■ **Data section**
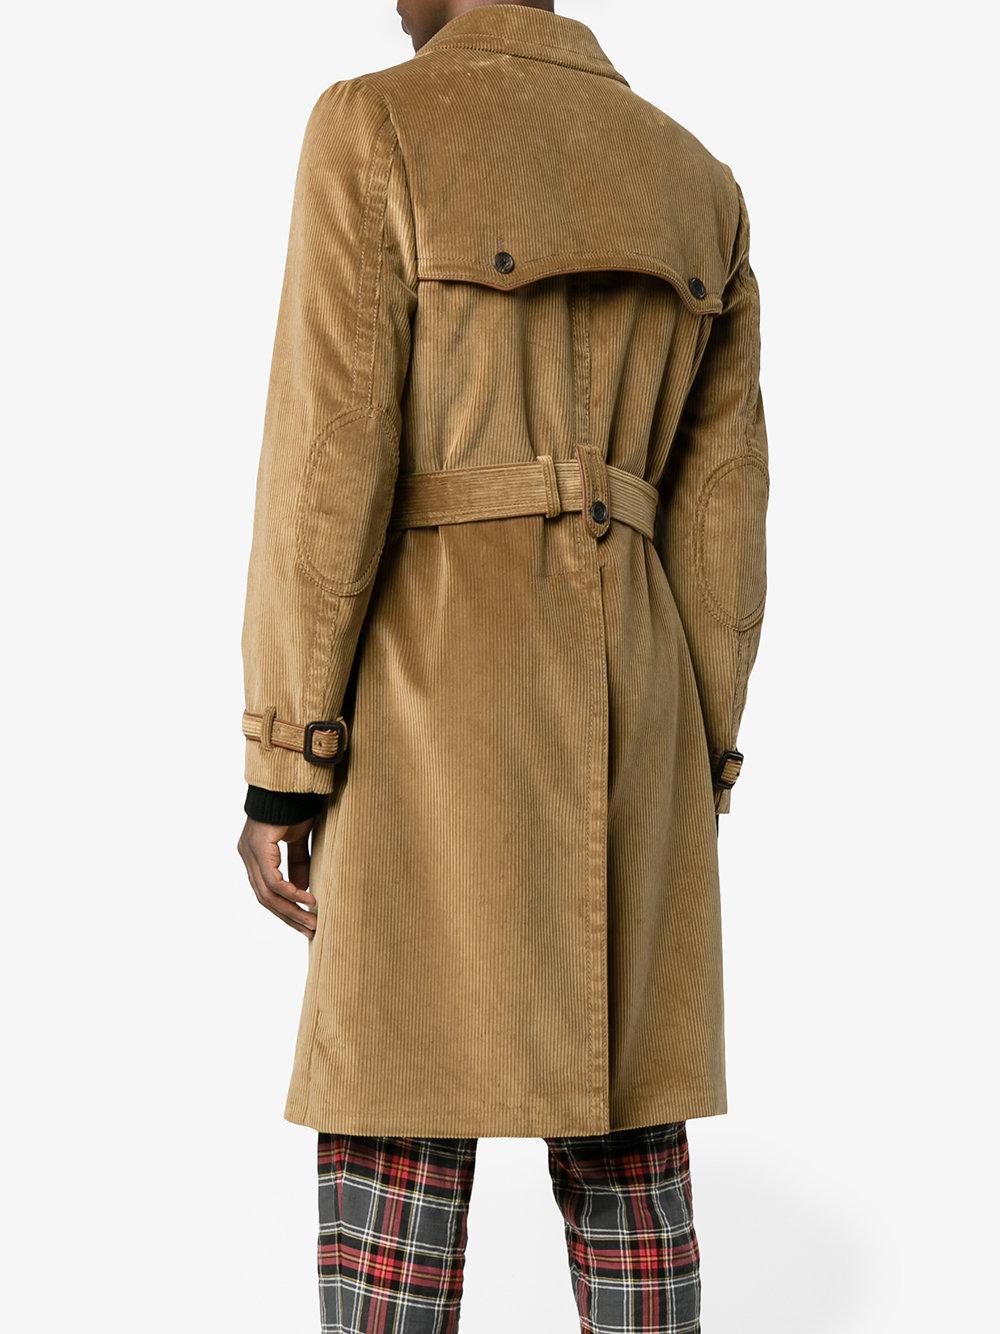 Prada Corduroy Trench Coat With Leather Detail in Brown for Men - Lyst
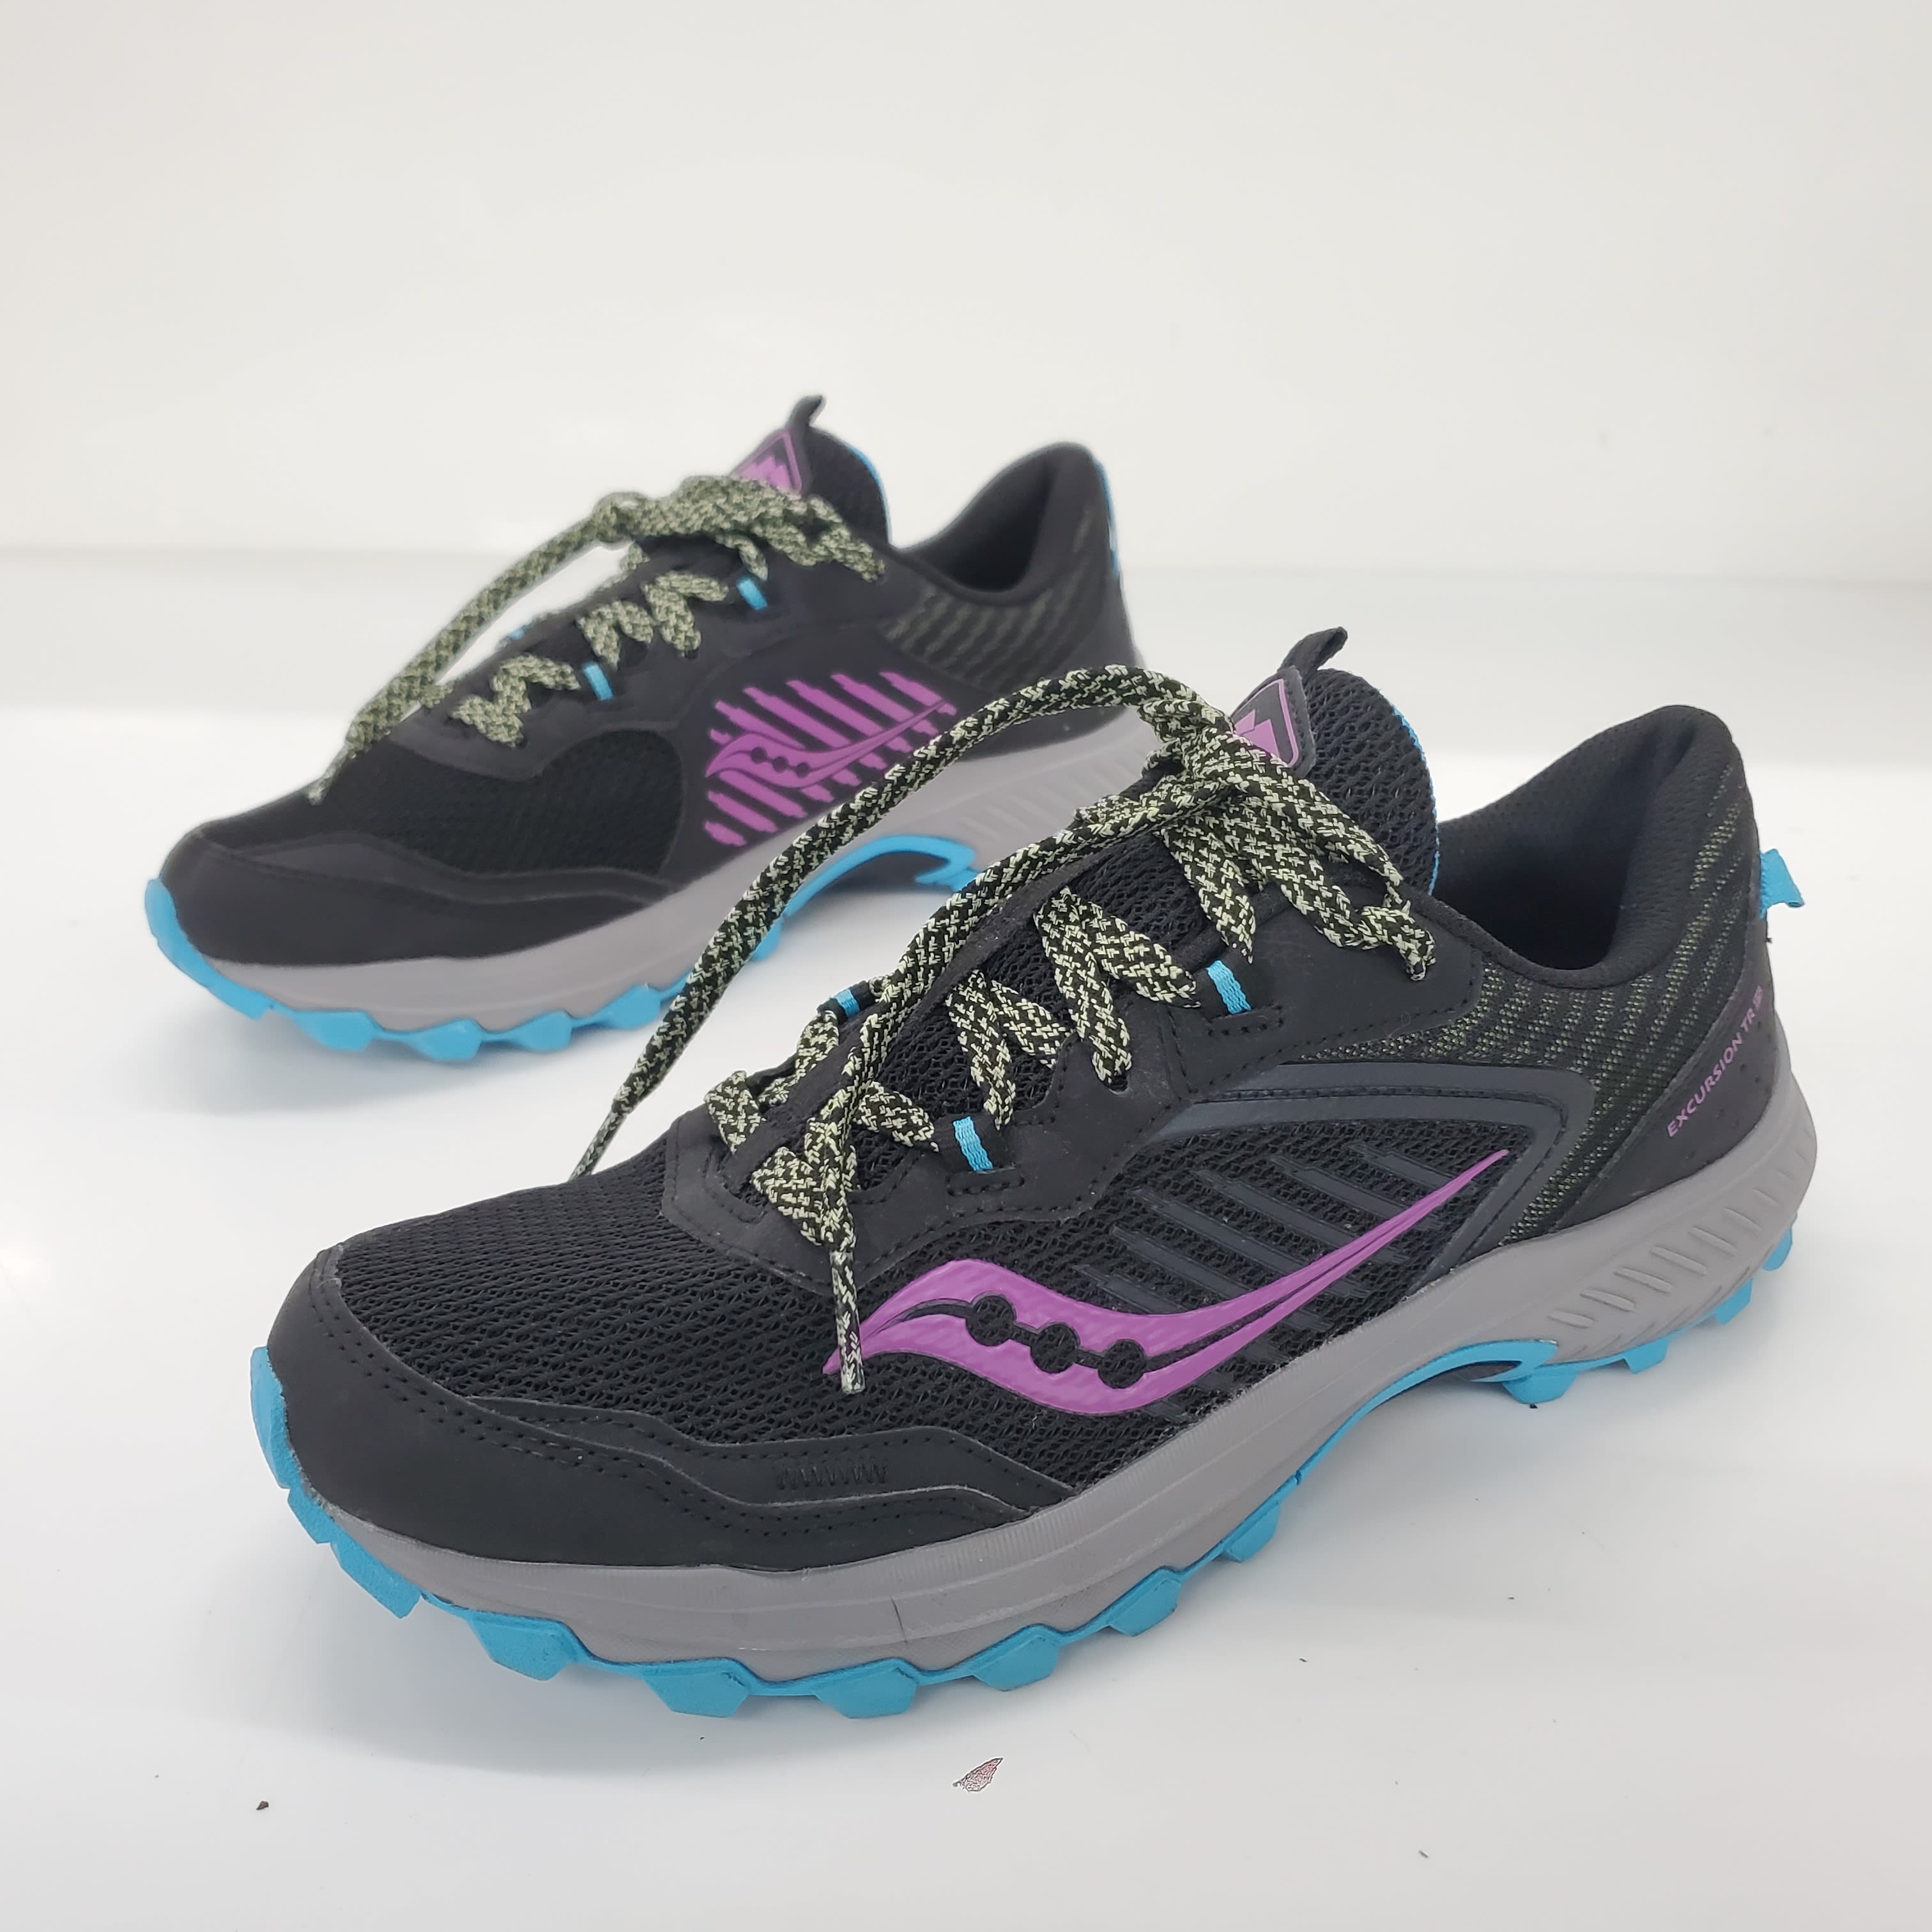 Buy the Saucony Women's Excursion TR15 Black Trail Running Shoes
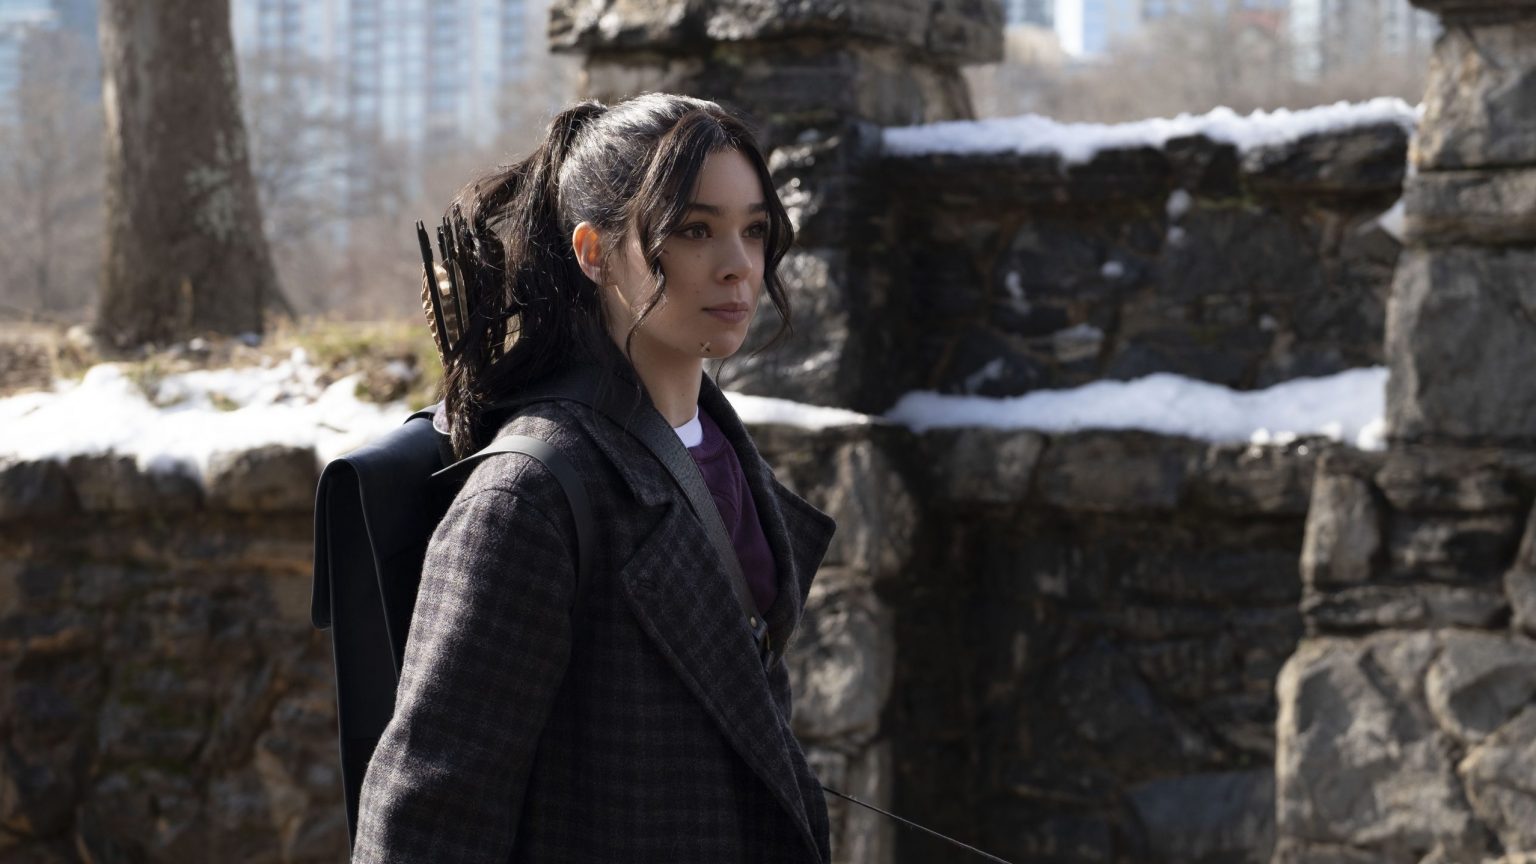 Hailee Steinfeld as Kate Bishop sporting a quiver full of arrows in a snowy New York park as seen in the new Marvel series on Disney+ HAWKEYE.
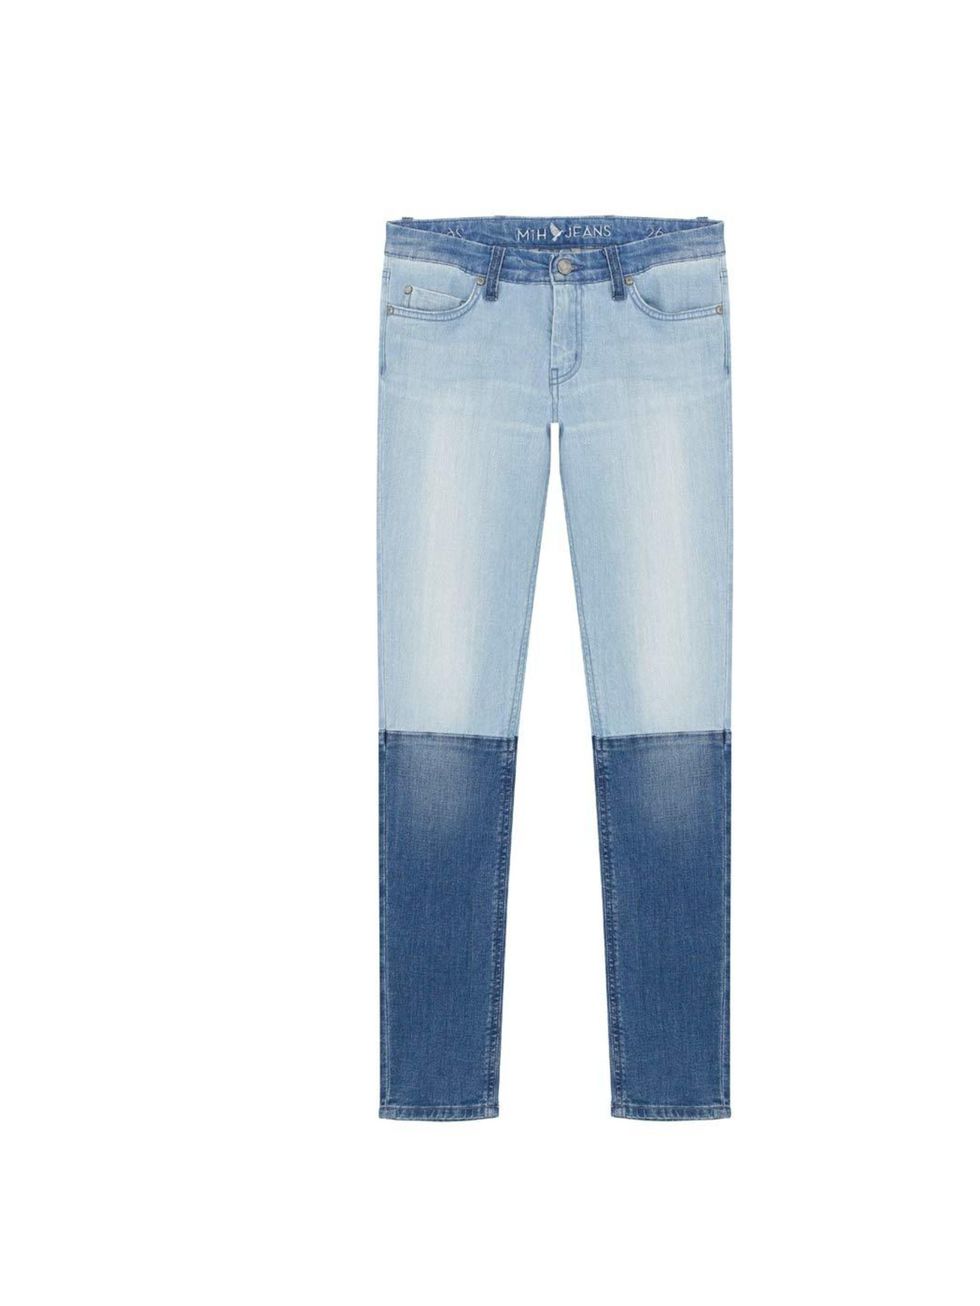 <p>Love this two-tone washed denim from <a href="http://www.mih-jeans.com/womens-jeans/the-breathless-j-street.html">Made in Heaven</a>, £200</p>

■ **Work to be completed**
Please output the material as written, apart from the images.

■ **Result below**
 Prada Corduroy Trench Coat With Leather Detail in Brown for Men - Lyst
 Buy the Saucony Women's Excursion TR15 Black Trail Running Shoes
 Hailee Steinfeld as Kate Bishop sporting a quiver full of arrows in a snowy New York park as seen in the new Marvel series on Disney+ HAWKEYE.
 <p>Love this two-tone washed denim from <a href="http://www.mih-jeans.com/womens-jeans/the-breathless-j-street.html">Made in Heaven</a>, £200</p>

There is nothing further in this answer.